A recent visit from Kory’s mum, Anne was a great opportunity for us to connect in person and also to share new experiences as well as favourite traditions. I have to admit that growing up I never heard of the Bonanza - A Ponderosa Christmas Special (trust me this is old with Lorne Greene and Michael Langdon - search YouTube if you’re curious to know more), but it was a tradition in Kory’s family and so we listen to it each year which is fun.

Getting curious and exploring ICM (intentional camera movement) techniques. (EXIF data f20, 1/5s, 120mm, ISO64, +0.67EV)

This year we introduced Anne to a new tradition - Ted Lasso. I may have mentioned that I have a bit of an obsession with this series - I really appreciate the subtle leadership nuances and team building as well as gratitude and just feel good moments (ok and Roy Kent’s fruity language). I think that Anne is hooked now too as we watched several episodes most evenings.

One of my favourite episodes is about Ted challenging Rebecca’s ex husband (Rupert) to a darts match. Rupert assumes that a “country bumpkin” American would be easy pickings in this match, but Ted surprises him by being a crackerjack player. The best dialogue is Ted explaining a quote:

Be Curious - Not Judgemental. (Walt Whitman)

He speaks to being curious and asking questions such as, Ted - have you ever played darts? To which he would have answered - why yes I have - every Sunday from age 10-16 with my father.
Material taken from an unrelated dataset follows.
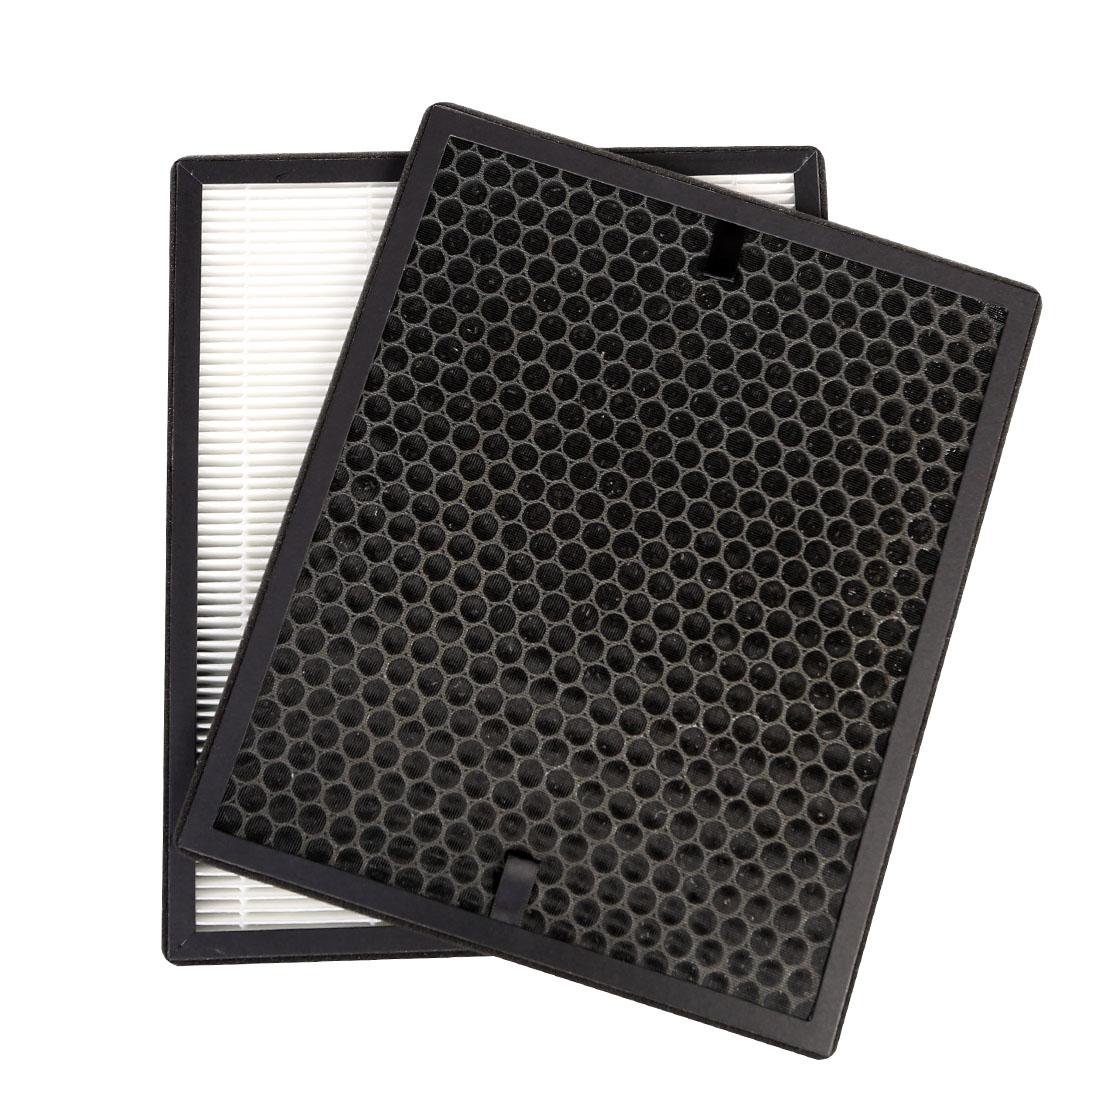 Zestaw filtrów HEPA i węglowy do urządzenia IDEAL AP 30 - OFILTRO Air Filter - HEPA H13 + Carbon - IDEAL AP 30

Definitely something to take on board and be more open to asking questions instead of making assumptions.

Questions anyone?

I have also mentioned that I grew up in a very traditionally British family and it was sometimes a bit of a confusing household for a young child - where questioning things just wasn’t done, so in my young mind I made a lot of assumptions about the dangers and consequences of asking too many questions. Things such as questions will expose weaknesses and areas of ignorance that get you teased, or that questioning may make others uncomfortable - something to be avoided at all costs.

Abstract images really help us to get curious trying to figure it out. (EXIF data f6.3, 1/1250s, 800mm, ISO400, -1EV)

It’s so interesting how our young minds will interpret information or lack of information. Our brains like to make sense of what is not complete and we will fill in the gaps even if it is not correct information. I spoke about this in this blog post.

Asking questions and being curious has been found to be a key ingredient for creativity and exploration - just watch a curious child and see how they explore a concept or topic they’re unfamiliar with.

They tend to start general and then hone in to what doesn’t make sense and many will keep at that point until they have worked it into making sense or they’ve exhausted their information seeking - possibly both.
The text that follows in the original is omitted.